His next goal is to dress up in a race car uniform, with a helmet for safety, and go to Michigan’s Secretary of State to get his license – just to see what he’ll be told.
However, his passion is to inspire more blind judges in the field. “You have to look at it from a whole different angle. I am a person of faith and [am] a kind of spirituality and I have a connection with the creator,” he noted.
“You do these endurance competitions and your body is kind of limited when you do these [marathon] competitions, but it is your mind that can disconnect from your body and that allows you to touch the face of God,” he added.
“The body is incredibly mortal but the mind and soul [are] incredibly powerful. »
When he runs, he has guides to help him turn — but when he competed in Ironman, it got harder because he couldn’t hear the guide underwater.
“You keep getting punched in the face when you’re underwater. Other competitors get tangled up, and you start to feel like you’re drowning and that’s when you get spiritual – you are torn and that is when your mind literally disconnects from the body and [you] just have faith to keep pushing.
“It is the essence of life.”
His own perspective on life as someone who can’t see allows him to experience more struggles and difficulties, he said, but “sometimes struggle gives you the ability to empathize with others” as a what judge.
People ask him how he can do his job if he can’t see the evidence.
He told Fox News Digital that really wasn’t the job. Rather, it is his job to ensure that the procedure is followed correctly. That’s his goal; ultimately, the evidence is presented in reports.
Every Wednesday, he receives about 25 cases that affect the lives of real people. “We are the last step,” he added. It deals with serious issues that people face, like life without the possibility of parole – so every case counts.
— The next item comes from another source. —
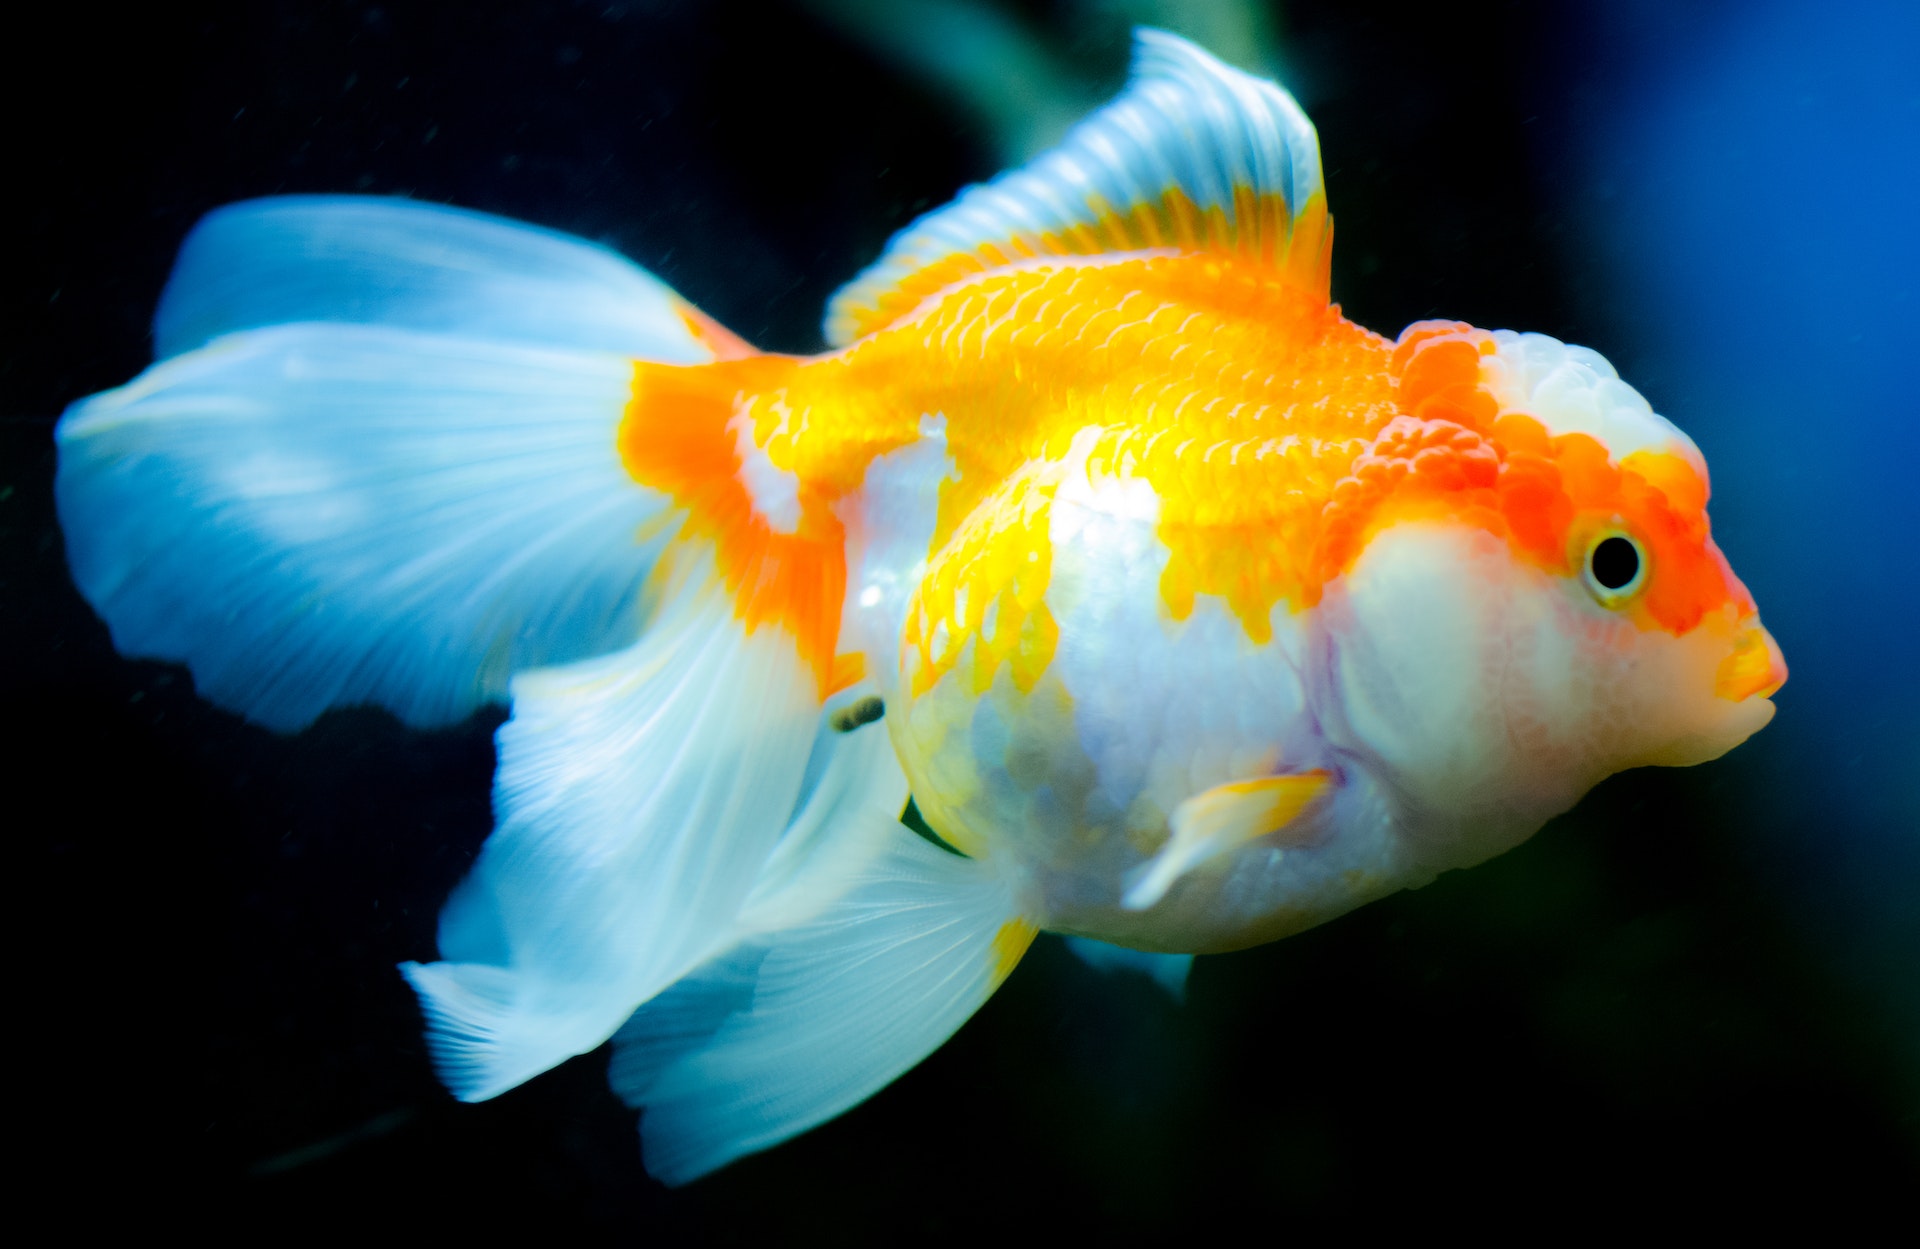 The Ultimate Guide to Identifying Your Betta Fish as a Yellow Hellboy

It cannot braille all cases; it would take too long, and he couldn’t put the cases on the computer either, because that would take him beyond the necessary conversations he needs to have with his colleagues.
Bernstein prepares for these cases by memorizing all 25 cases each week.
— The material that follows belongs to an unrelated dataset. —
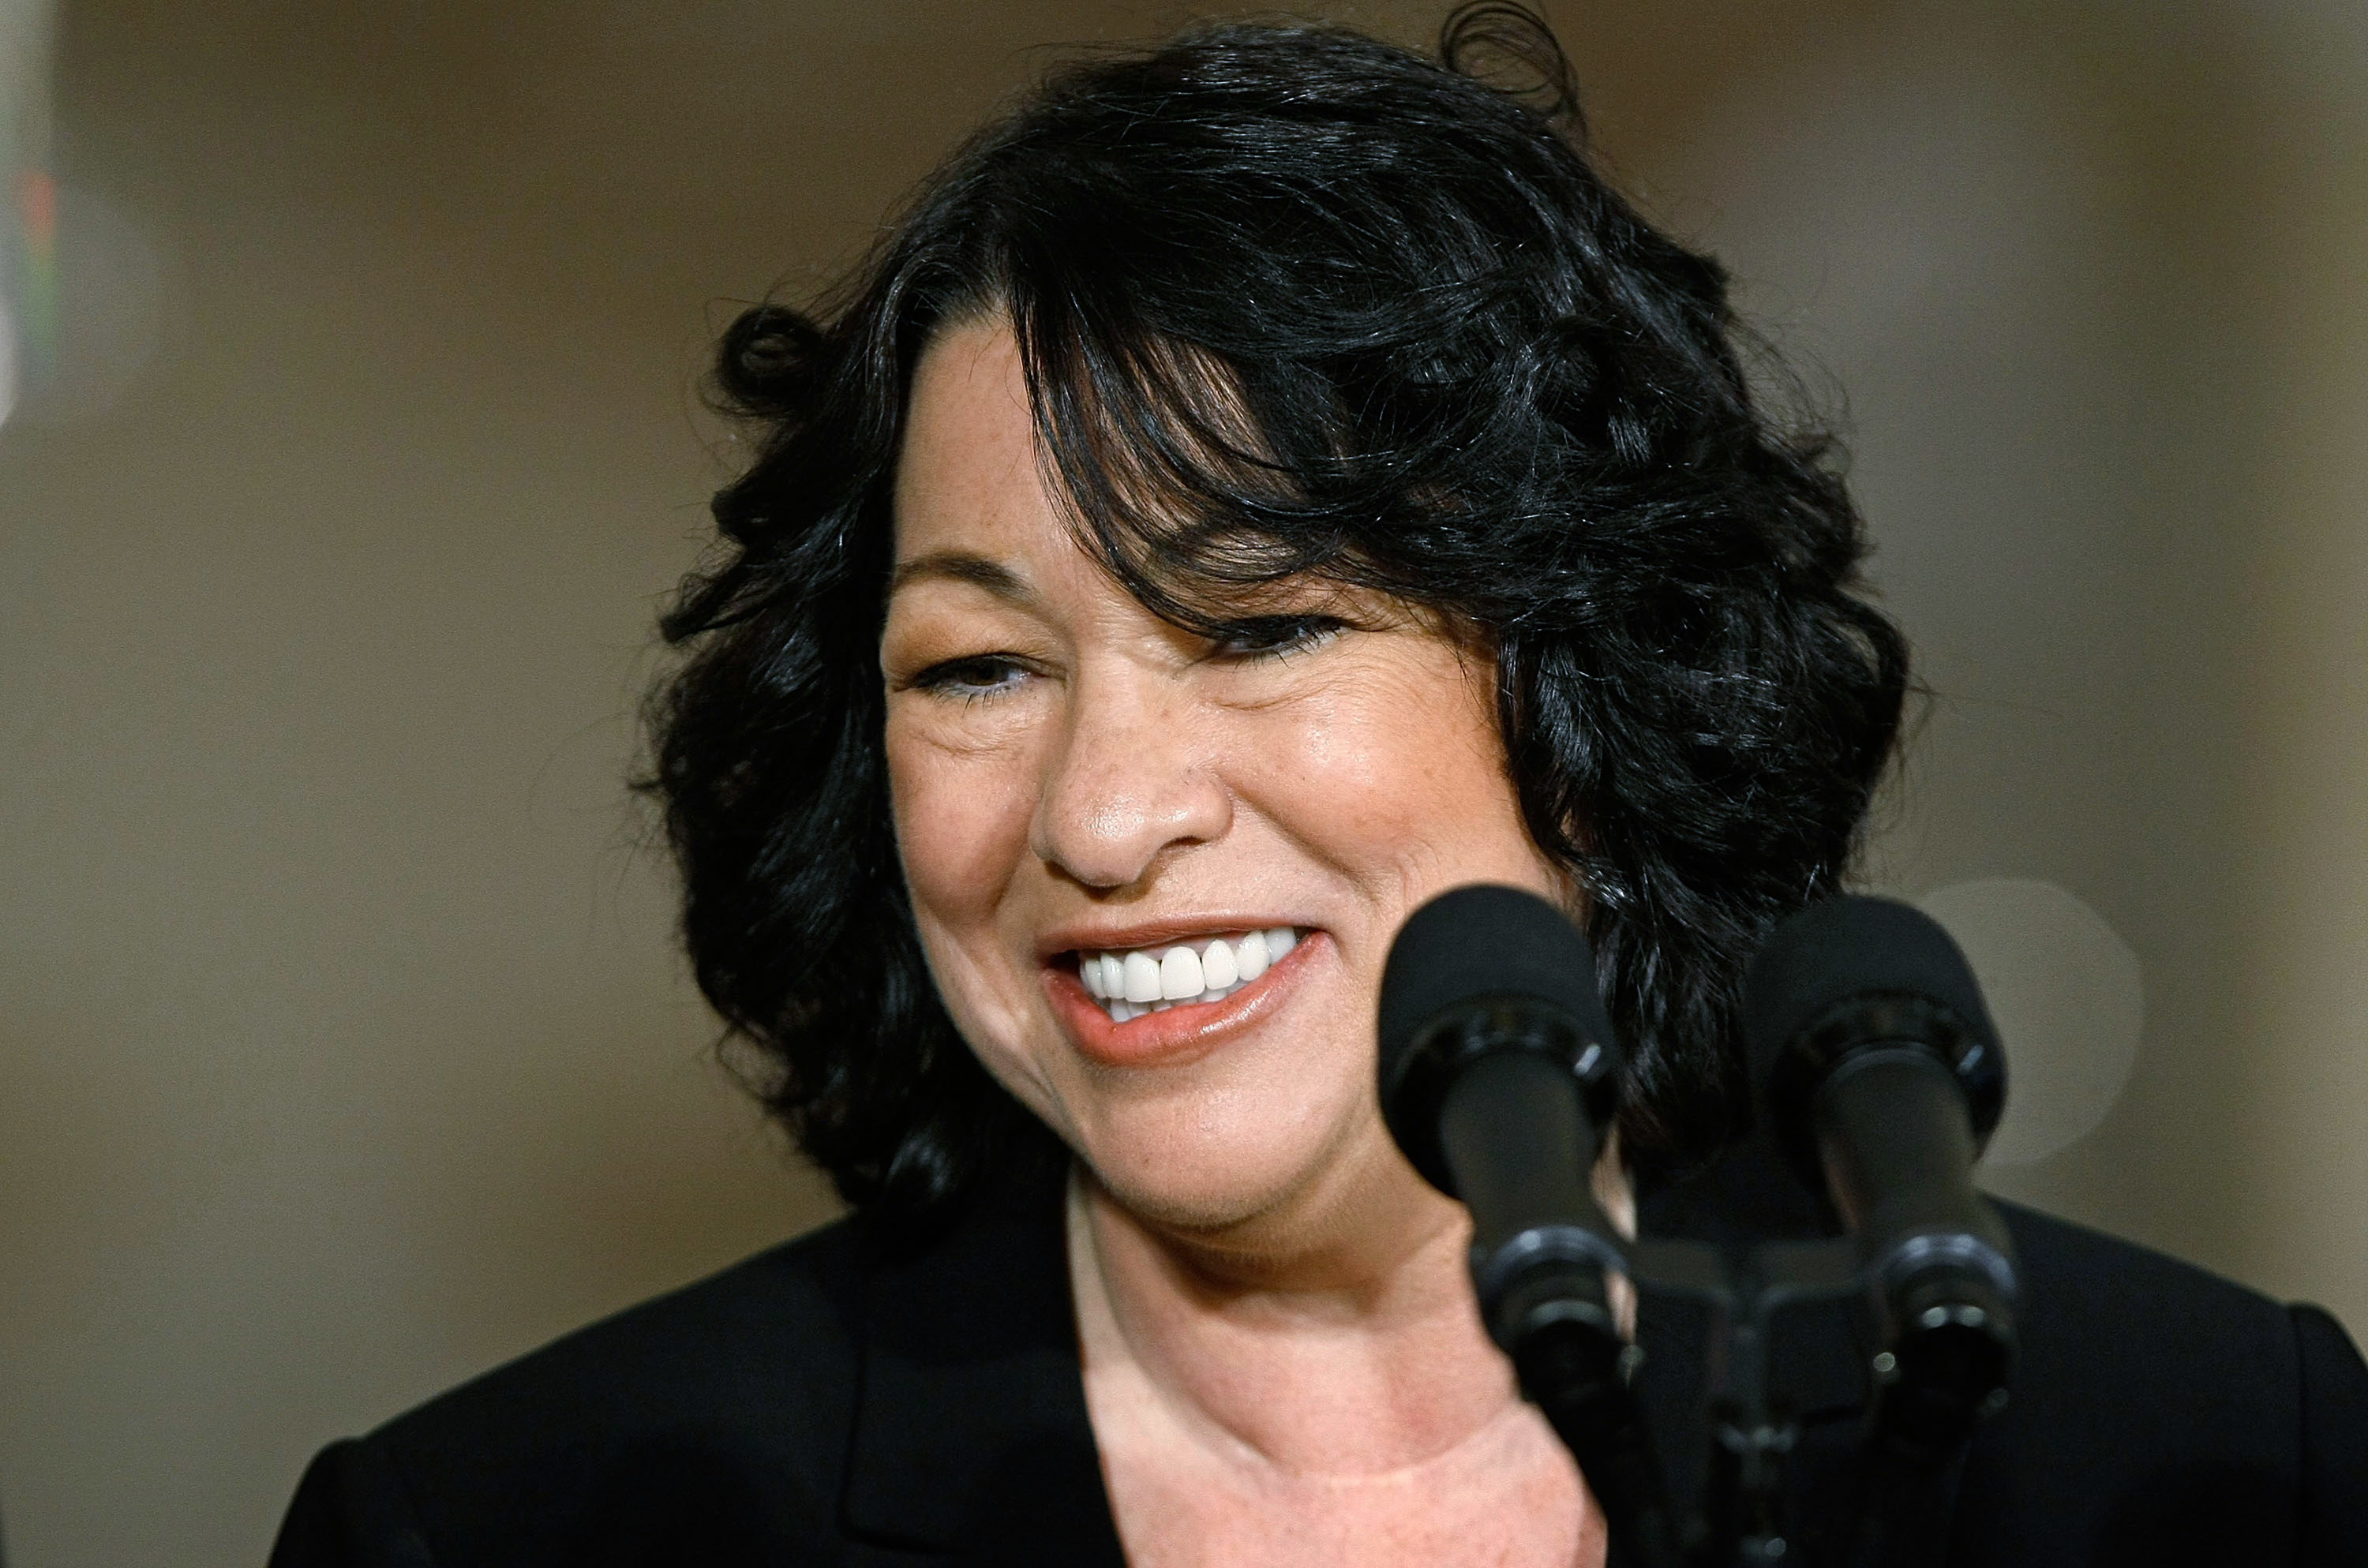 Sonia Sotomayor smiling, with a microphone in front of her

“I can’t learn every case word for word – it’s impossible, but I can learn [them to] such a degree [that] all the legal issues are known,” he told Fox News Digital.
“But you don’t have to hear about the case that day. You need to know all the common law cases that support the position — that support your position, and then [you] have to know all the common law cases against your position,” he added.
“What is a prejudice? Pre-judging – pre-judging is done visually. I don’t know what people look like or how they dress,” Bernstein said.
“It’s real lives hanging in the balance – and you reach a certain point where being blind is no longer relevant.”
The Associated Press contributed to this article.